I have a huge decision to make. When I took a job as a social psychologist at the university I held a joint appointment and had separate offices in Psychology and Sociology. I retired some forty plus years later and moved out of my Psychology office. However, Sociology had access to some vacant space in their high-rise building, and they offered me a new office as an emeritus faculty member. Though the department was on the tenth floor and my new office would be on the thirteenth floor, it suited my purposes and I took them up on it. I like having a place to work other than home, and having an office at the university made my transition into retirement much easier. I went into work regularly — I just didn’t get paid. None of the other retired faculty were interested in an office, so I got to have my own space. Perhaps the biggest attraction for me was that I didn’t have to dispose of the five large file cabinets full of stuff that I’d accumulated throughout my career. Tons of lecture notes, data and records from research projects, published and unpublished papers, assorted graduate student files, miscellaneous angry memos, and my library of a couple hundred books. I’ve used my emeritus office mainly for writing — most recently for poetry, OLLI writing classes, stories for my blog, and papers for my writers’ group. While I had occasional contact with former colleagues on the tenth floor when I first retired, that’s declined over the years, and my visits have become less frequent and more solitary. 

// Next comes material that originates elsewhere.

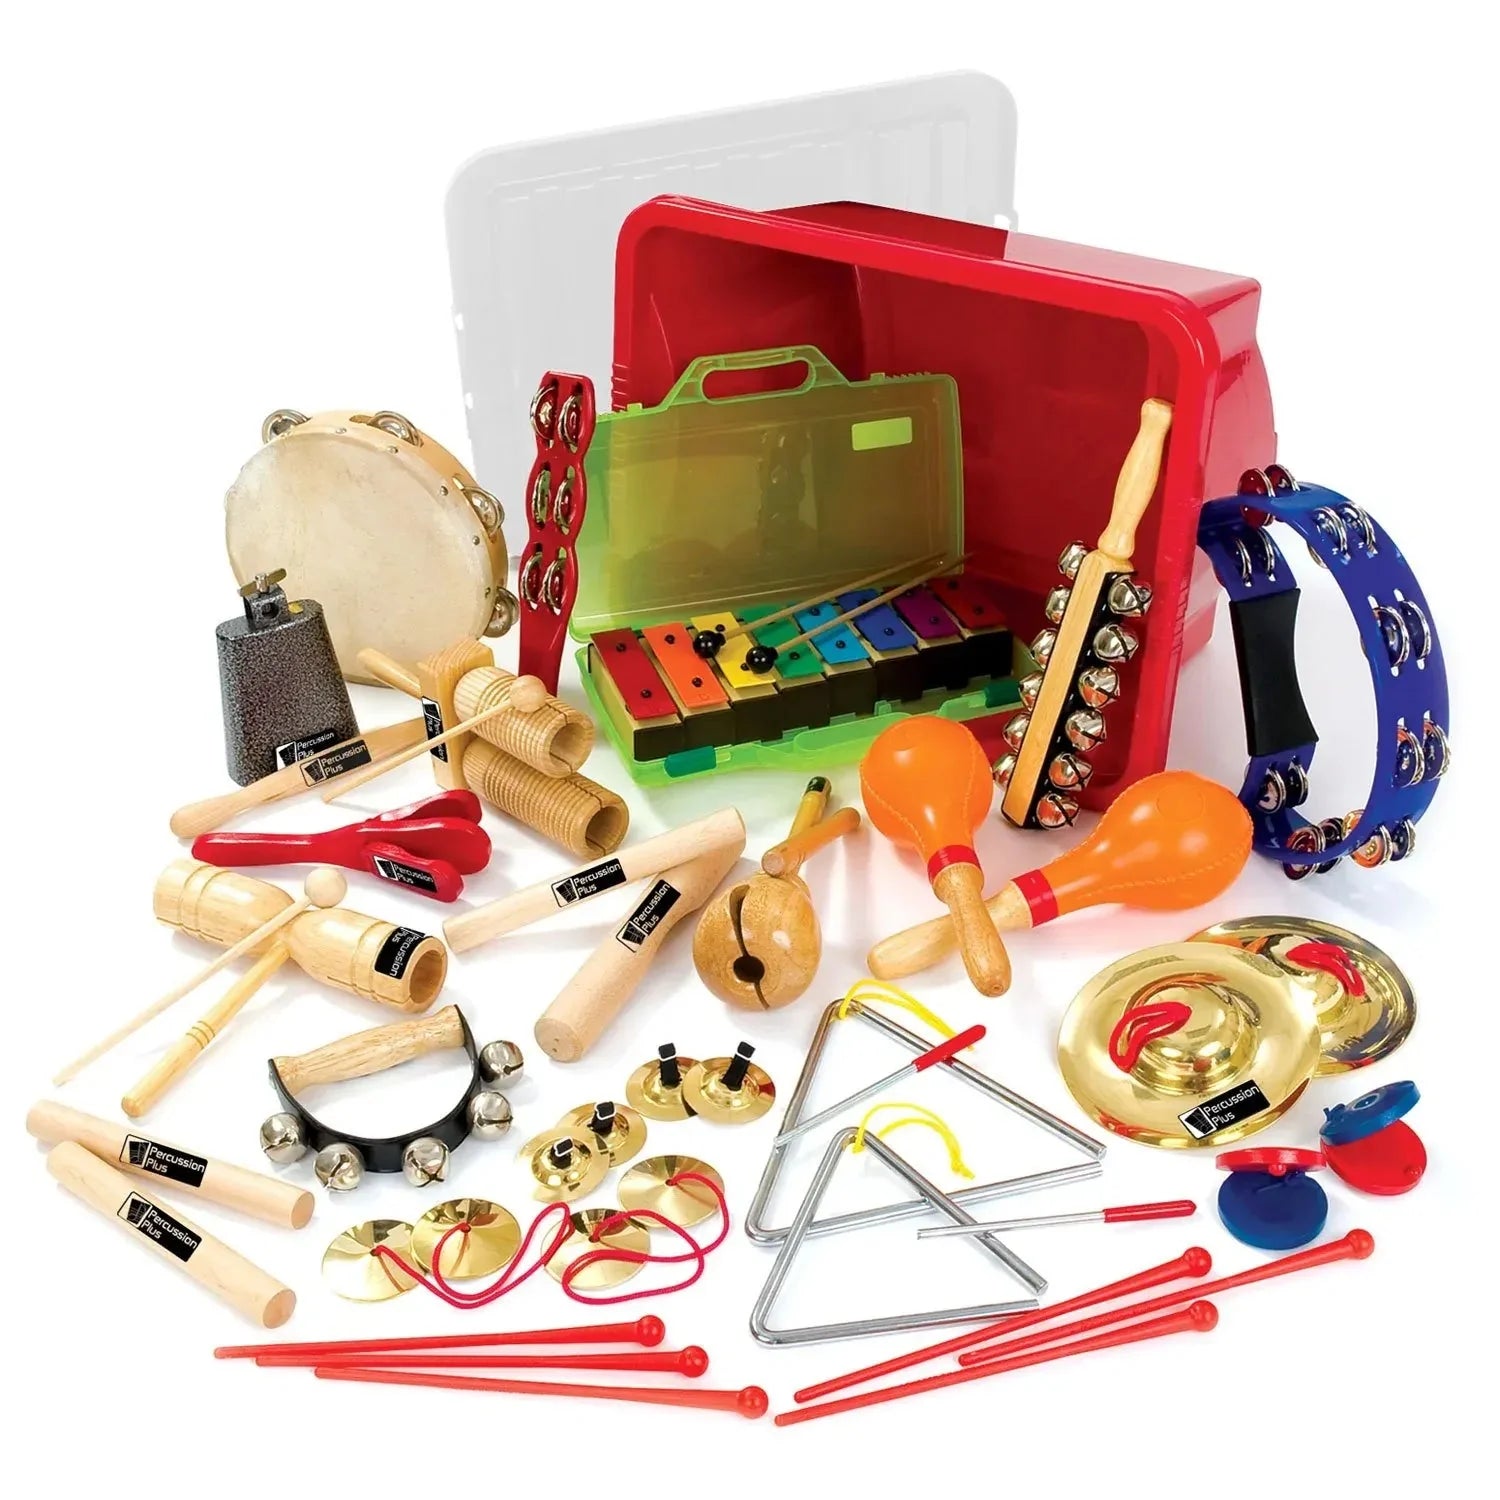 Class percussion pack, The Class percussion pack has sufficient hand held percussion instruments for up to 30 pupils The Class percussion pack is suitable for Key Stages 1 and 2. A great classroom resource for children who will love the musical instruments and teachers will also value the quality of each musical piece. All genuine Percussion Plus quality instruments. Percussion Classpack. Sufficient hand held percussion for up to 30 pupils Suitable for Key Stages 1 and 2. All genuine Percussion Plus quality

Recently I got an email from the Sociology department head saying that in August the department will move to a different building on campus. The head said that I could have office space in the new location though it would be shared with several adjunct faculty members. She added the adjuncts spend little time at the office. I went over and looked at the space. It’s much smaller than my current office, with room for one desk and one or two file cabinets at best. It didn’t seem to me that two people could use it at the same time. This office will be right in the middle of the department, allowing for more potential contact with faculty and staff, though I’m not attracted to that. Now I am pondering what to do. It’s a quandary. The most clearcut option is to discontinue office space on campus, discard all the stuff I’ve accumulated over the decades, and move a few things home to our crowded attic. I can write poetry at home just as well as on campus. That choice, however, would close down one of the main places outside of home in which I spend time. Alternatively I could move a few things to the new office and see whether I want to spend time there. Part of me says it’s better to have crummy office space on campus than no office at all. I waver back and forth on a daily basis. I have started to throw things away, and I must say it’s been brutal so far. Fortunately I have some time available to make a final decision.